2005 Research Fair Archive - Biology Abstracts
Biochemical Characterization of Novel Isolates from Great Salt Lake
Great Salt Lake (GSL) is a natural hypersaline ecosystem with enormous environmental significance. It is the fourth largest hypersaline lake in the world and the second-most saline. Additionally, the dramatic fluctuation in water levels and salinity creates an ecological backdrop selective for organisms with a high degree of adaptability. The diversity of a hypersaline ecosystem may not be reflected in the macro-fauna, but instead at the microbial level. We have successfully developed biochemical tests that take into account the optimal growth conditions of these halophilic (salt-tolerant) organisms. Specific protocols were adjusted and applied to five GSL isolates, including the following assays: Gram staining, antibiotic resistance, catalase, oxidase, and gelatinase activity, and Tween-80 hydrolysis. Results from these tests will be presented and their significance as an instrument for taxonomic classification will be discussed.

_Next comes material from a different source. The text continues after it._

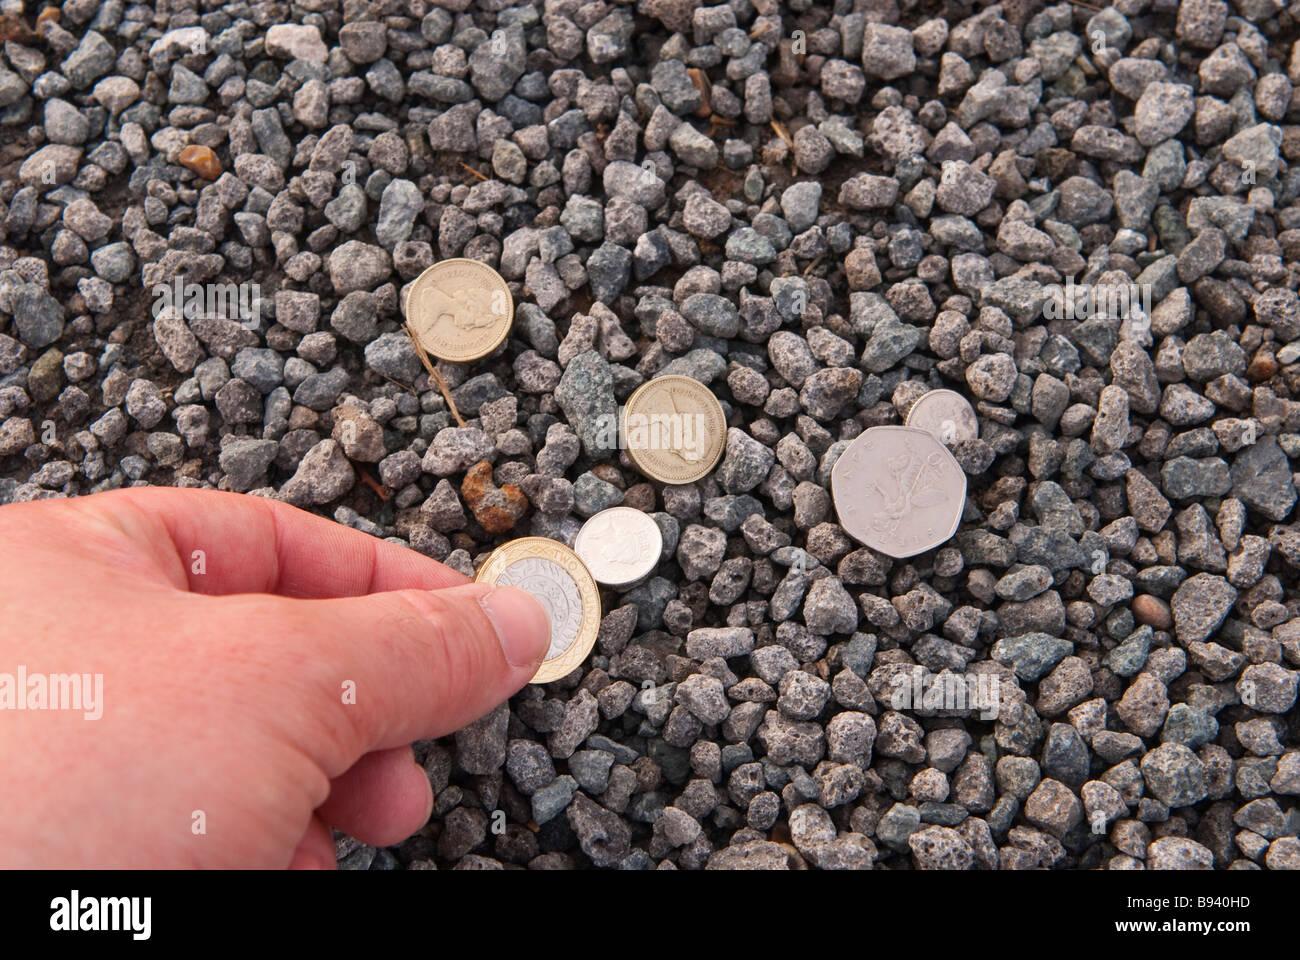 Fußboden Mit Münzen ~ Person abholen einige verloren geld münzen vom boden stockfoto bild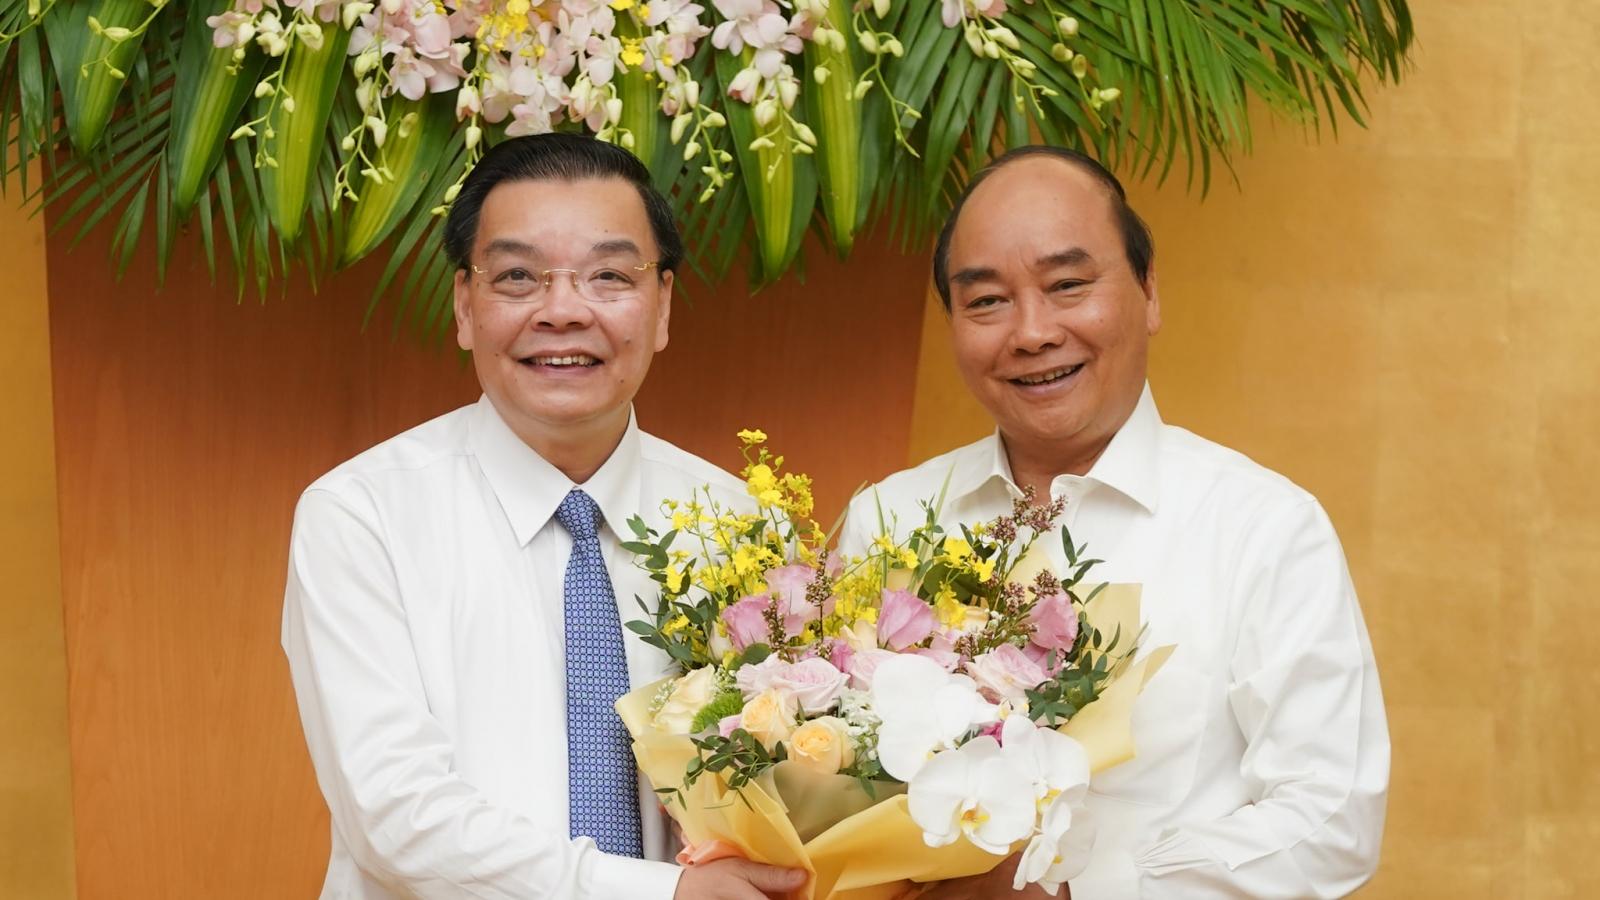 Thủ tướng chúc mừng tân Chủ tịch Hà Nội nhận nhiệm vụ mới

Effects of Glucose Concentration on
E. faecalis is an opportunistic pathogen and a common cause of nosocomial infections. Adherence to epithelial cells is one of the main virulence factors associated with this microbe. The Esp gene encodes for a surface protein that plays a role in the adherence and pathogenicity of the bacterium. Esp expressing strains have been found to be more virulent (Shankar et al. 2004) and persist longer in murine models of urinary tract infection (Shankar et al. 2001). The appearance and strength of Esp gene expression has been linked to glucose concentration in the growth medium (Tendolkar et al. 2004). Glucose is absorbed by the brush border of the intestinal epithelial cells, and must interact with the E. faecalis that has adhered to those same cells. Our study examined the expression of the Esp gene in glucose media. Various strains of E. faecalis were grown in differing concentrations of glucose, and the expression of the Esp gene was determined.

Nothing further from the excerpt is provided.